Хоремхеб в первое мгновение не поверил ее словам и принял их за безумную шутку, к тому же скромная манера Бакетамон ввела его в заблуждение. Но, взглянув в овальные глаза царевны, он увидел в них ненависть, которая была страшнее смерти, и поверил Бакетамон. А поверив и осознав все, он потерял разум от гнева и ярости и выхватил хеттский нож, чтобы убить ту, которая столь ужасно оскорбила его честь и его самолюбие мужчины. Но Бакетамон обнажила перед ним грудь и с насмешкой сказала:

– Ударь, Хоремхеб! Ударь ножом по венцам на своей голове! Ведь это я – жрица Сехмет, и во мне – священная кровь. Убей меня – и у тебя не станет законного права на престол фараонов!

Слова ее укротили Хоремхеба, который принужден был сохранять согласие с Бакетамон, ибо только супружество давало ему законное право на престол.

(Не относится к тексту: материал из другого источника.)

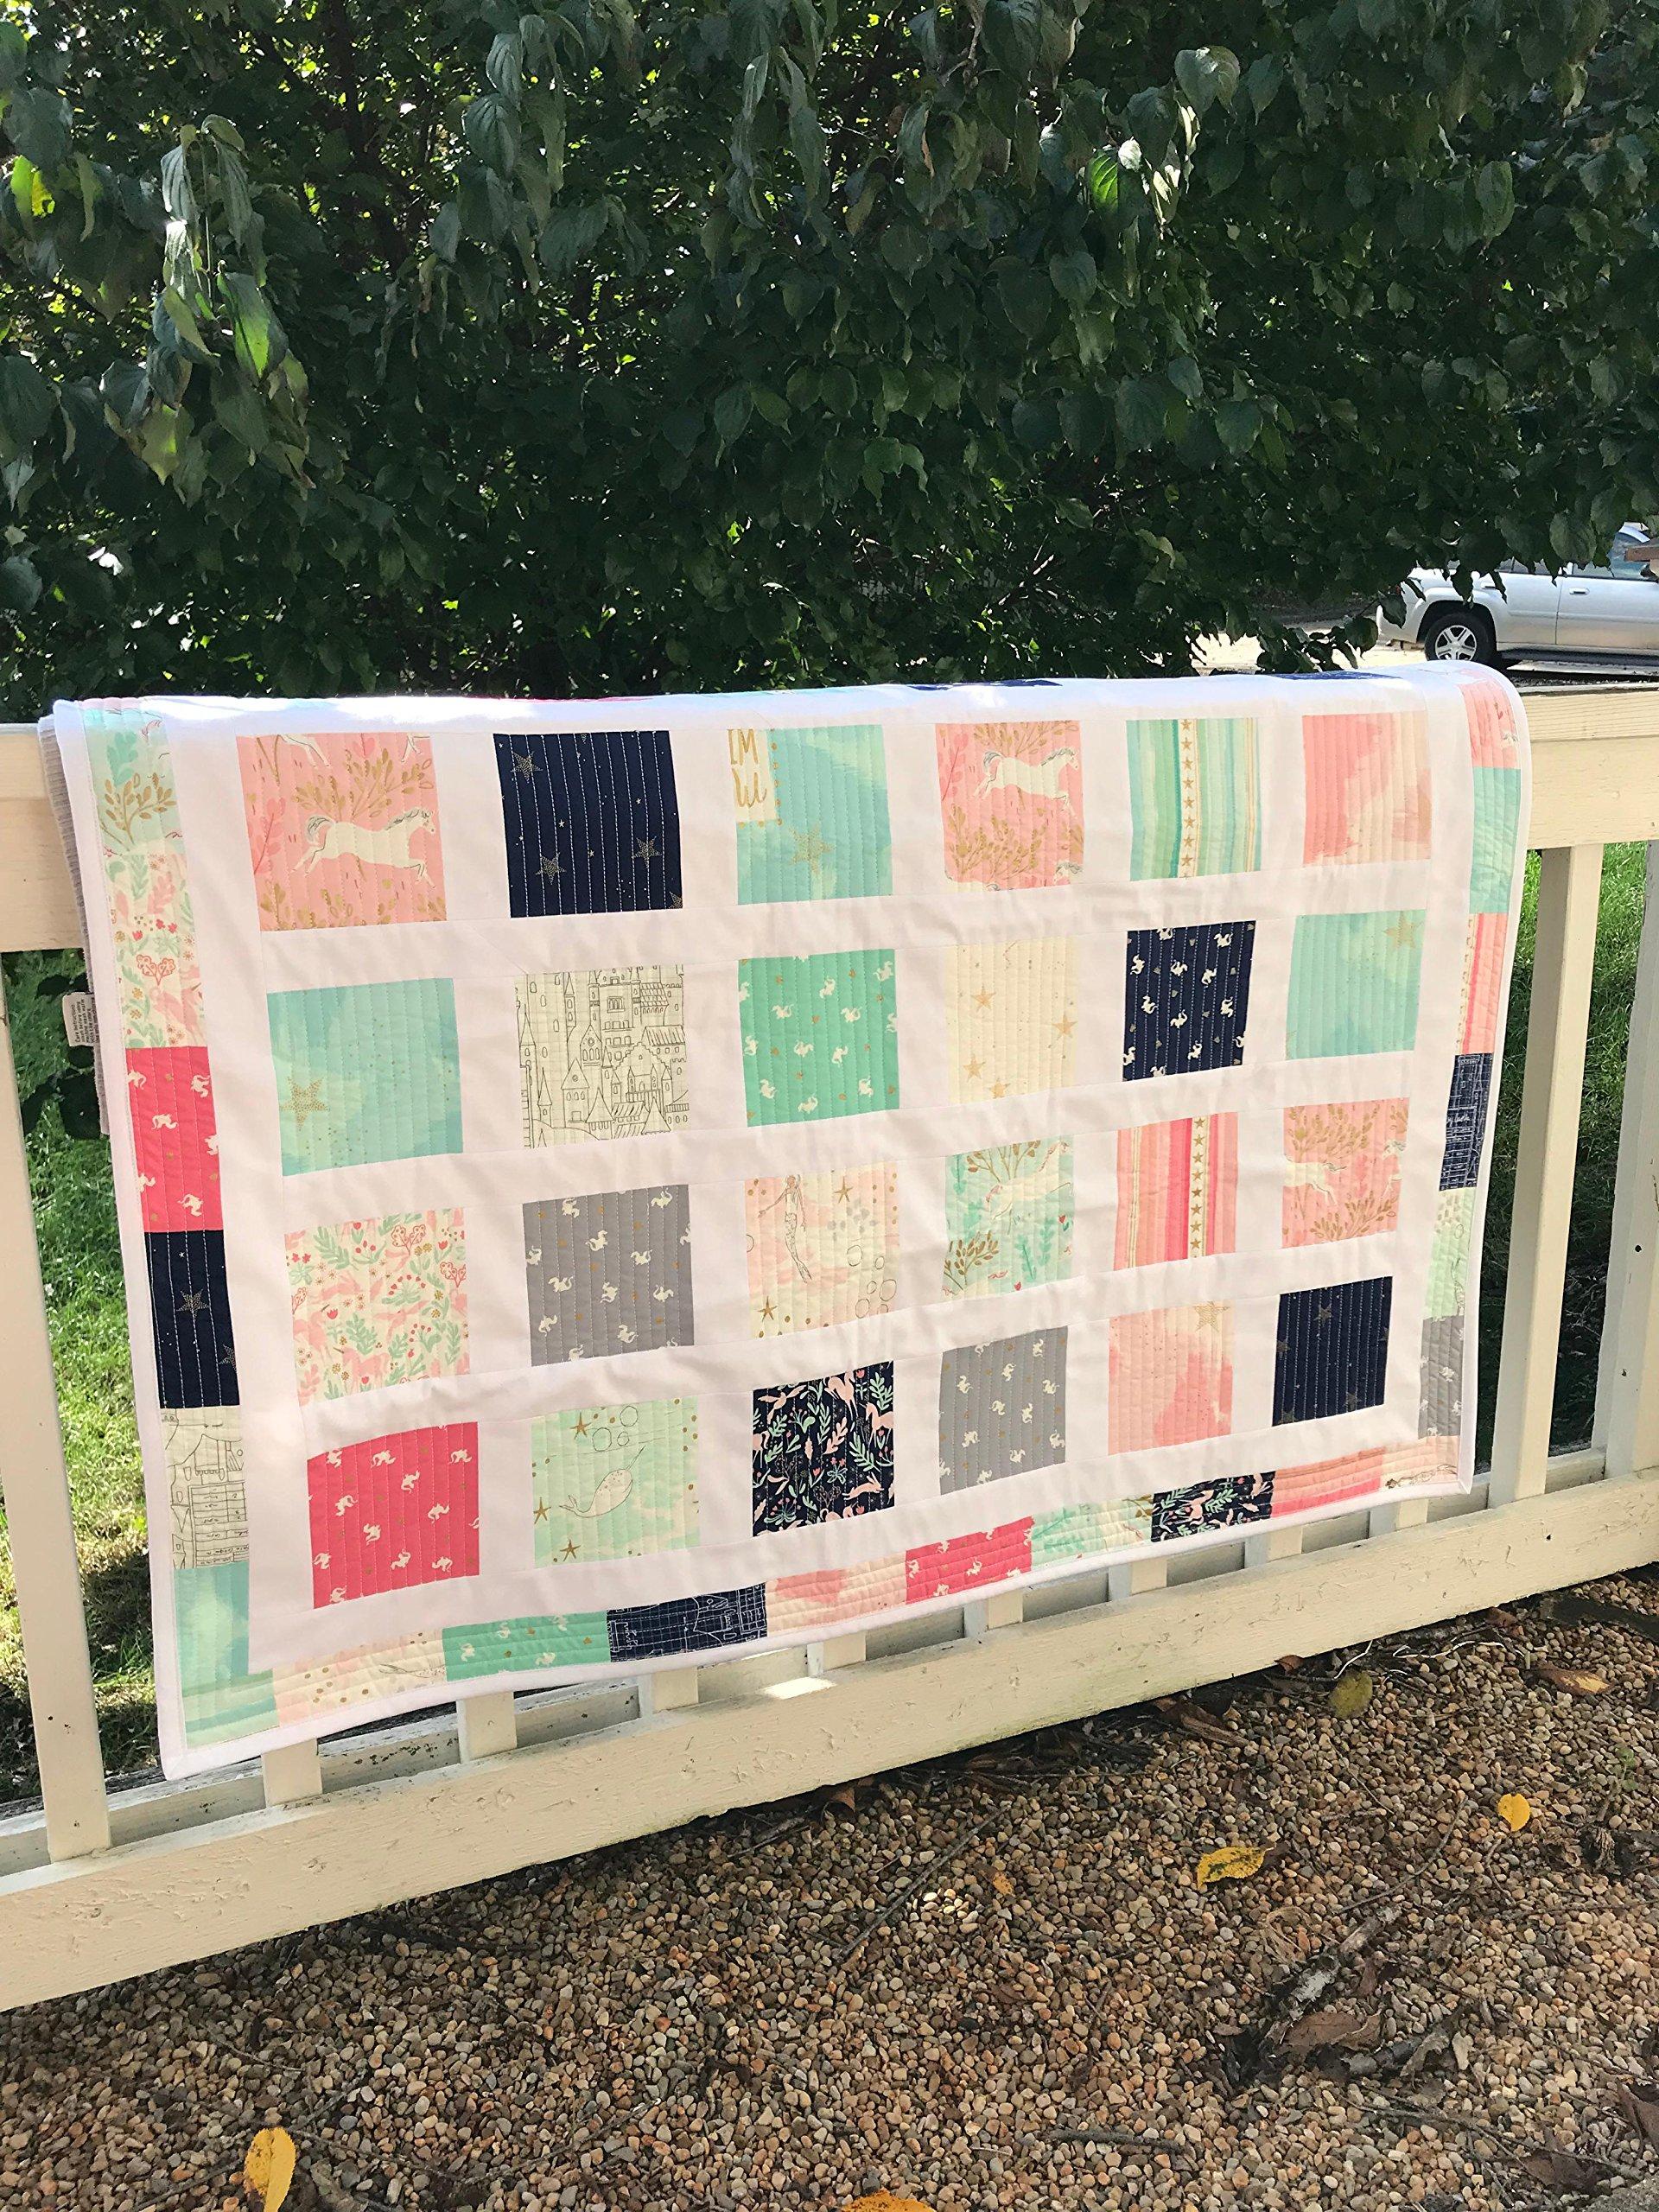 Mermaid Quilt - Unicorn Quilt - Baby Quilt - Toddler Bedding - Homemade Baby Quilt - Baby Blanket - Heirloom Quilt - Modern Baby Quilt

Так Бакетамон связала его, а он ничего не мог ей сделать, и месть ее была полной – ведь Хоремхеб не решился даже разрушить беседку, и та была у него перед глазами всякий раз, как он выглядывал из окон своих покоев. По зрелом размышлении он решил, что ему не остается ничего другого, как делать вид, что он ничего не знает о делах Бакетамон. Если же он прикажет разрушить беседку, то обнаружит перед всеми осведомленность о том, как Бакетамон позволяла всему городу оплевывать его ложе. Он предпочел смех за спиной публичному позору. Но с тех пор он не прикасался к Бакетамон и не беспокоил ее. Он жил один. К чести Бакетамон упомяну, что и она не стала возводить новых сооружений и вполне удовлетворилась одной прекрасной беседкой.

Вот что приключилось с Хоремхебом, и я не думаю, что у него было много радости от его венцов, когда жрецы умастили и помазали его и возложили на его голову красный и белый венцы, венцы Верхнего и Нижнего Царства, лилии и папируса. Он стал подозрителен и не доверял вполне ни одному человеку, думая, что все смеются над ним за его спиной из-за Бакетамон. Так что он носил в теле вечную занозу, и сердце его не знало покоя. Не мог он и развлекаться с другими женщинами: слишком жестоко было оскорбление, понесенное им, чтобы у него осталась охота развлекаться хоть с кем-нибудь. Он глушил свое горе и горечь работой и положил все свои силы, чтобы вывести всю грязь Египта, вернуть старые порядки и восстановить правду на месте беззакония.

7

Ради справедливости я должен рассказать и о добрых делах Хоремхеба – ведь народ превозносил его имя, почитал его превосходным правителем и в первые же годы царствования причислил его к Великим фараонам Египта. Он точно притеснял богатых и знатных, ибо ему были не угодны слишком богатые и знатные в Египте, которые могли бы соперничать с ним во власти, а такое всегда любезно народу. Он наказывал неправедных судей и дал права беднякам, он обновил правила податного обложения и стал платить сборщикам налогов жалованье из царской казны, чтобы те не могли наживаться, вымогая мзду у простого люда.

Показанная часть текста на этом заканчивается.